Hace unos días Juan Rosell, presidente de la CEOE, hizo dos afirmaciones que tienen la virtud de retratar una filosofía empresarial propia de la Inglaterra que Dickens (1812-1870) describiera en su obra Oliver Twist. Sostiene Rosell que el trabajo fijo y seguro es propio del siglo XIX, y que se imponen reformas laborales de las que duelen, pero curan.
Son de agradecer, por clarificadoras y ausentes de eufemismos, unas declaraciones que evidencian en su ferocidad la insoslayable lucha de clases. Pero más allá de esto, debemos lamentar dos gravísimas lagunas.
La primera es el absoluto y supino desconocimiento histórico. El empleo fijo y el derecho al trabajo fueron reivindicaciones de la clase obrera que recogieron varias constituciones del primer tercio del siglo XX: la mexicana de 1917, la alemana de Weimar de 1919 y las soviéticas de 1924 y 1936. Es precisamente Juan Rosell quien pretende volver a situaciones laborales del siglo XIX. Y a mayor abundamiento, las medidas curativas pero dolorosas ¿a quiénes van a doler? ¿En beneficio de qué y de quién? ¿Qué es lo que se pretende curar?
En fin, todo un curso de escamoteo de la realidad y de lenguaje torticero. La segunda laguna, por no decir disparate, es aún más inquietante, porque cuestiona el pilar en el que se fundamenta el Estado de Derecho que seguramente Rosell invocará con frecuencia: la solemne Declaración de DDHH, los pactos vinculantes de 1966 emanados de ella y la Constitución española de 1978.

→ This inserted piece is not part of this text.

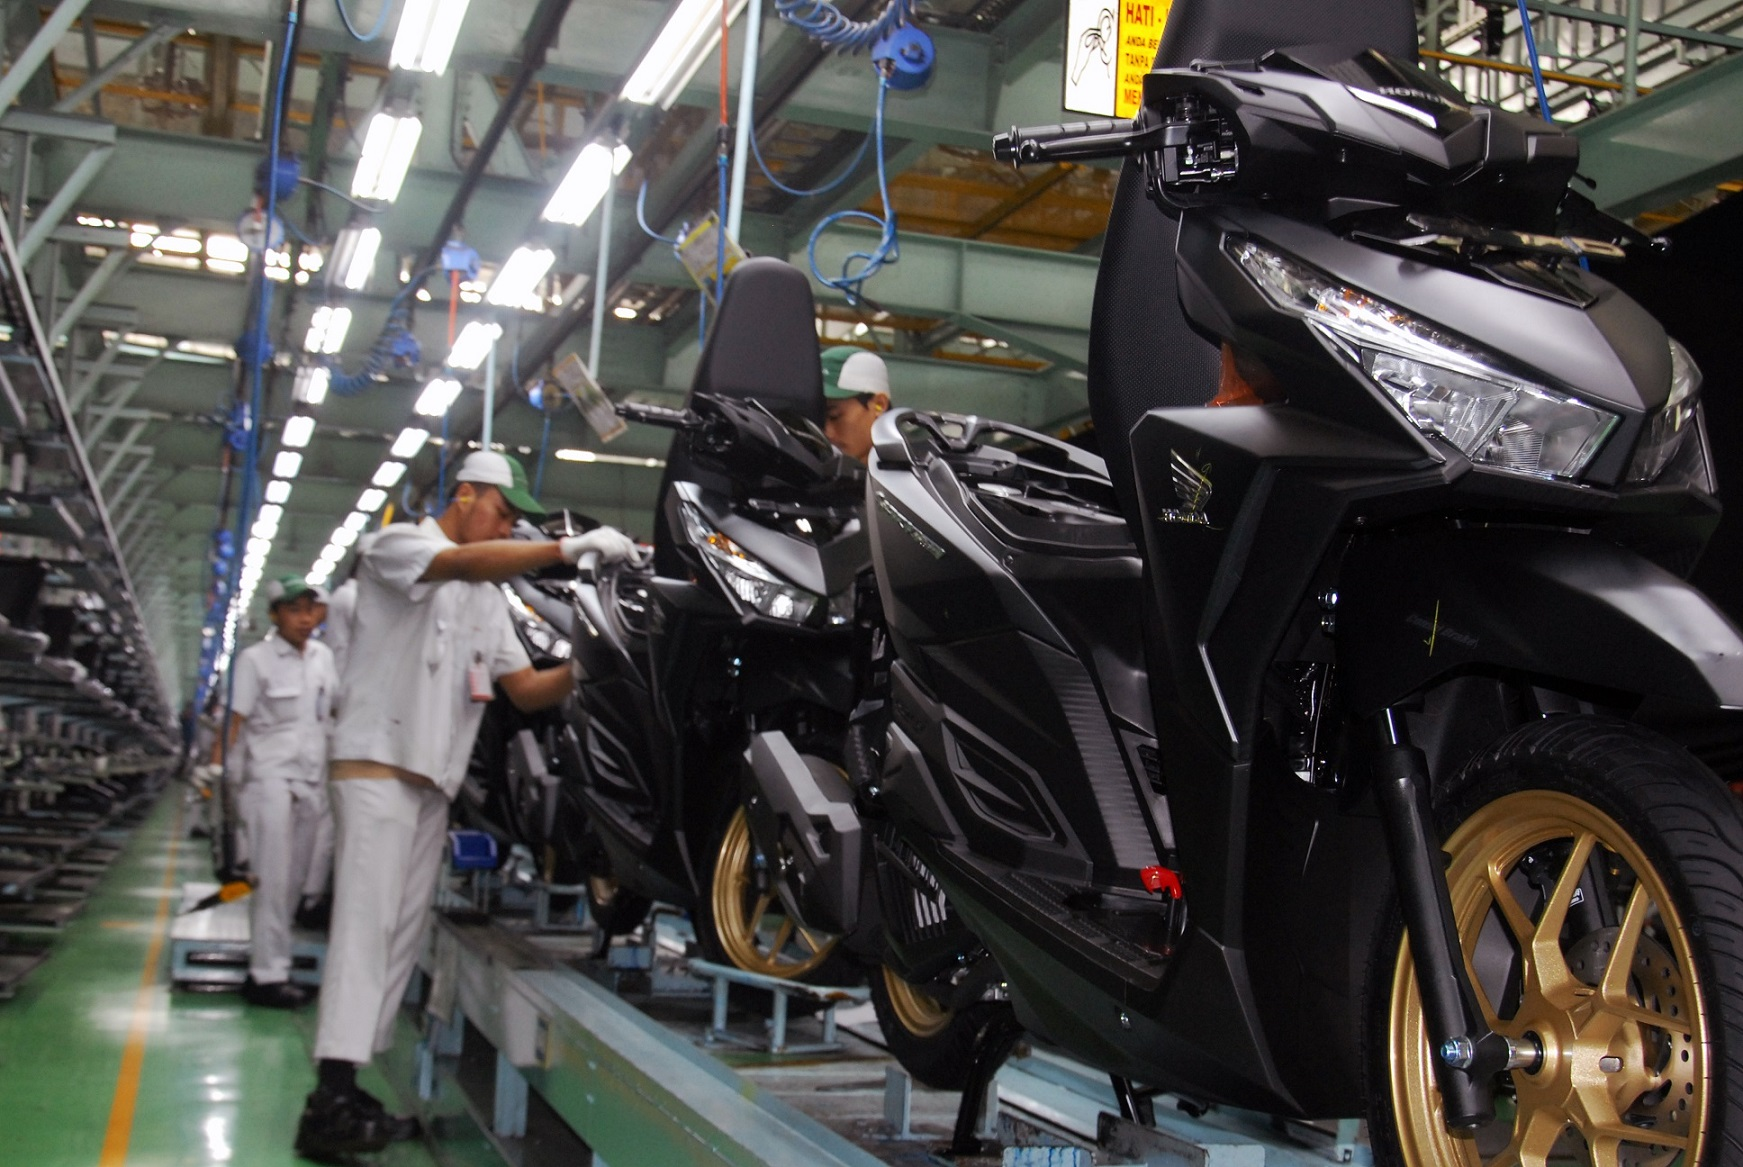 Laman 166 Info Otomotif Yang Anda Cari Ada Di Sini All New Cbr 150r Slick Black White Jakarta Ahm

El derecho al trabajo, y además fijo y con retribuciones adecuadas, es la frontera que separa a la barbarie economicista del máximo representante de la patronal de los cimientos filosóficos, éticos y políticos que teóricamente conforman la denominada civilización occidental. El hecho cierto, y sus palabras lo confirman, es que se ha llegado a un límite en el que hay que optar sin dilación entre DDHH y capitalismo globalizado. Ambos conceptos son, en la práctica, totalmente antitéticos.